7. I confuse objects with security

Those stacks of containers felt like insurance policies. Against what, exactly? I couldn’t tell you. But having them meant I was prepared, responsible, ready for anything. They were physical proof that I had my life together.

After downsizing our home a few years back, I learned that experiences matter more than possessions. Yet here I was, still clinging to empty peanut butter jars like they were family heirlooms. The contradiction was almost funny once I saw it clearly.

8. My relationship with money shapes everything

Here’s the real kicker: I discovered that my relationship with money was tied to my self-worth, and those containers were part of that equation.

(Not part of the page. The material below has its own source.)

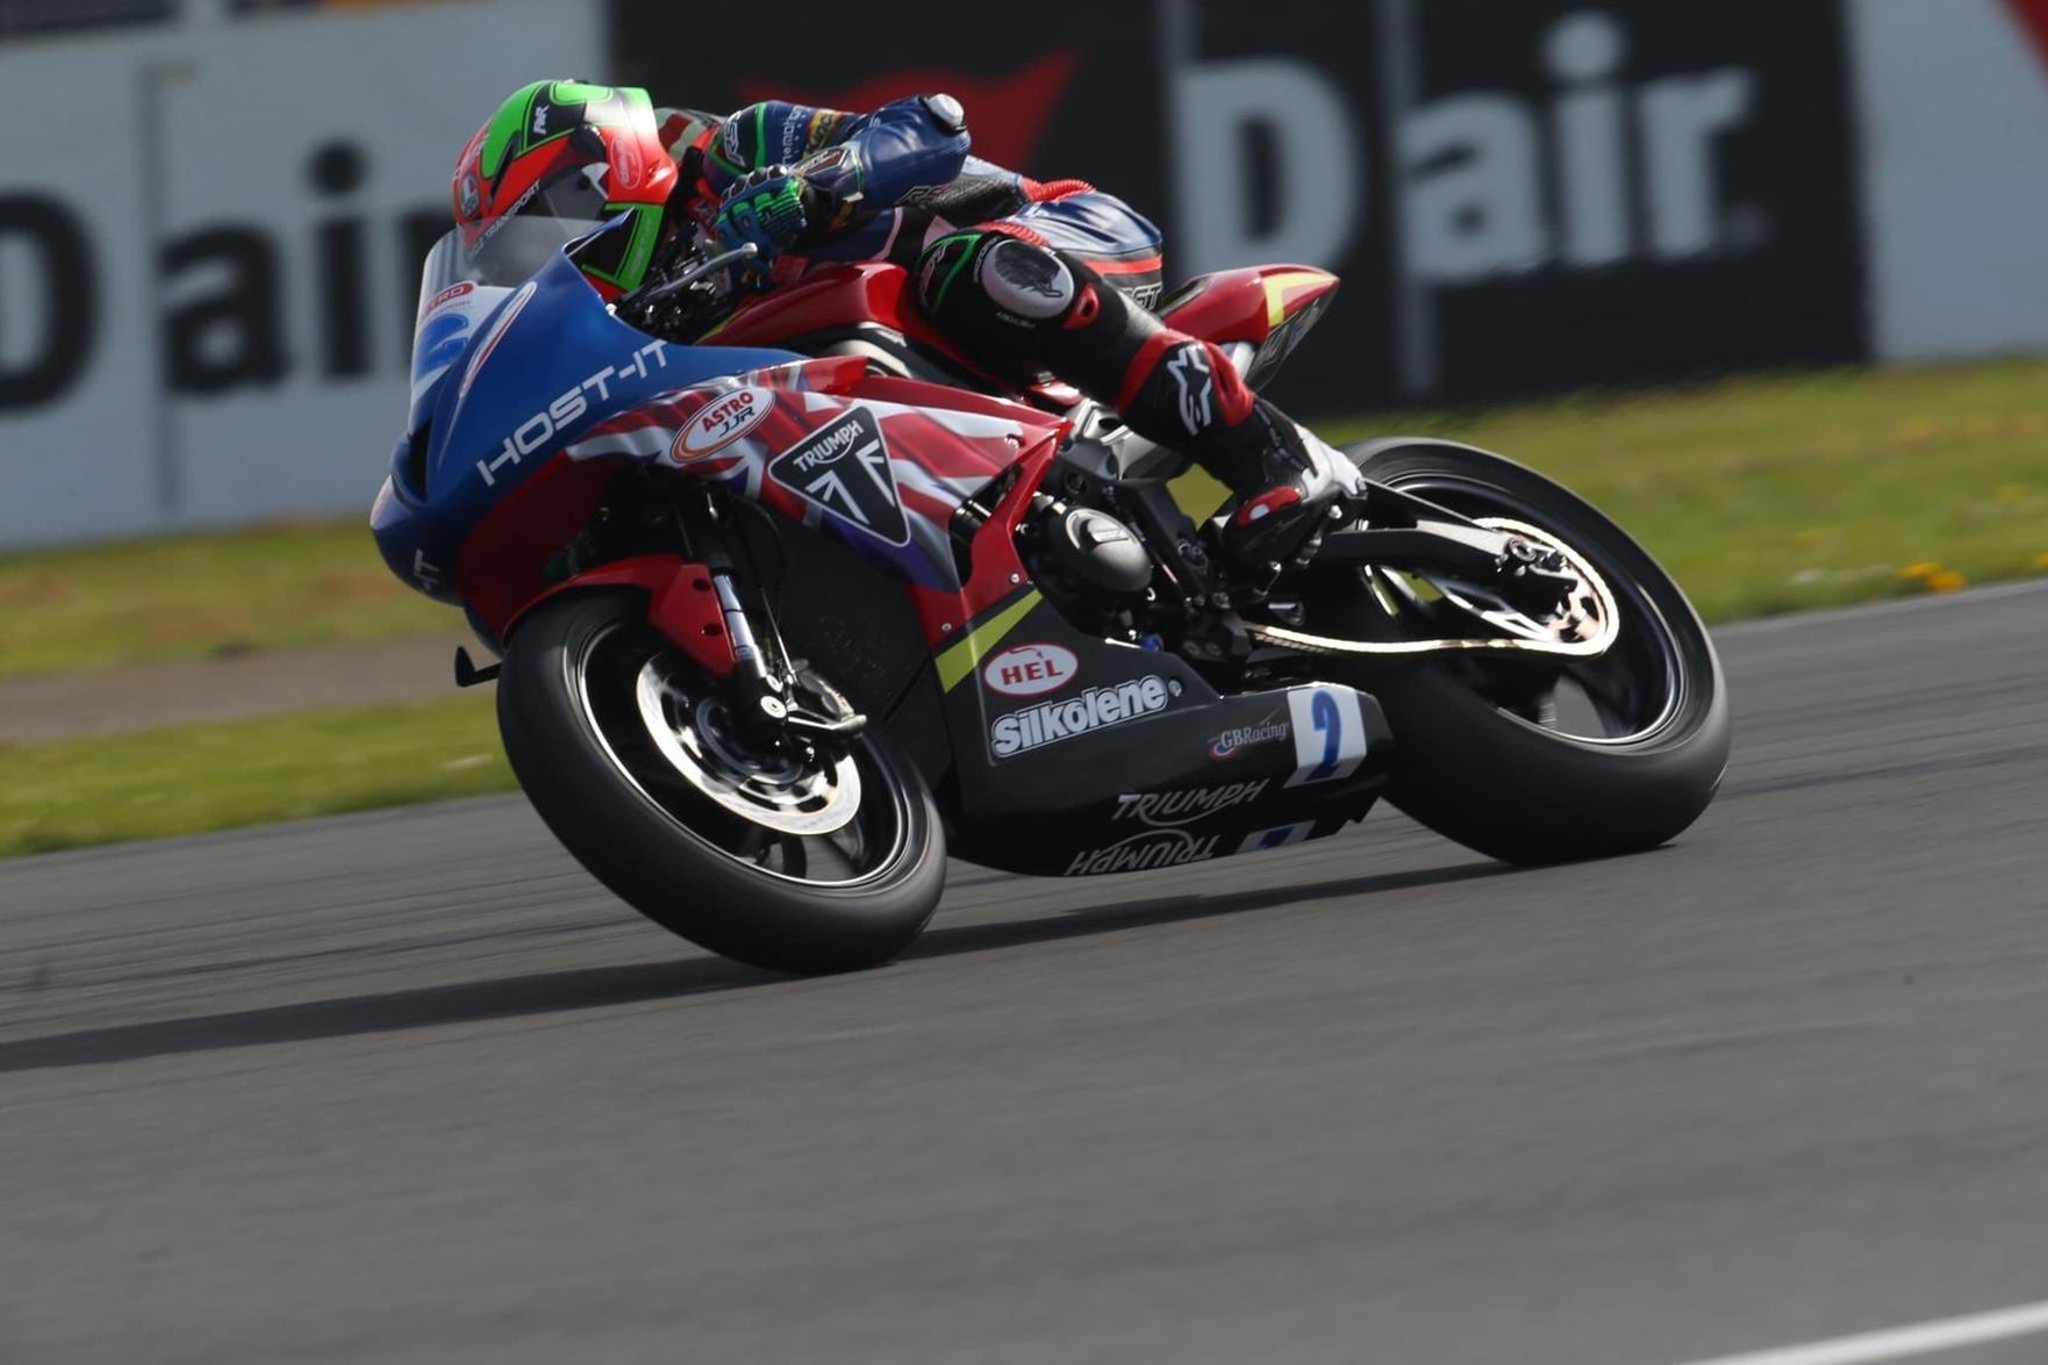 Organisers issue statement following red flag incident involving Josh Day and David Jones in British Supersport race at Donington Park

Saving them meant I was frugal, smart, not wasteful with resources. Throwing them away felt like admitting I could afford to be wasteful, which challenged my entire identity as someone who came from modest means.

Even typing that feels uncomfortable. There’s something about acknowledging you have enough that feels like betraying where you came from.

Like you’re saying those Sunday dinners where we stretched one chicken to feed seven people didn’t matter. But that’s not true at all.

Those experiences shaped me in beautiful ways. I just don’t need to keep living like I’m still there.

Final thoughts

That yogurt container I threw away last week? It was just the beginning. I’ve since cleared out about 80% of my container collection, keeping only what I actually use. The mental space this created surprised me more than the physical space.

Sometimes the habits that once served us become the very things that hold us back. Recognizing these patterns is the first step.

Changing them? That’s where the real work begins. But trust me, your kitchen drawers will thank you.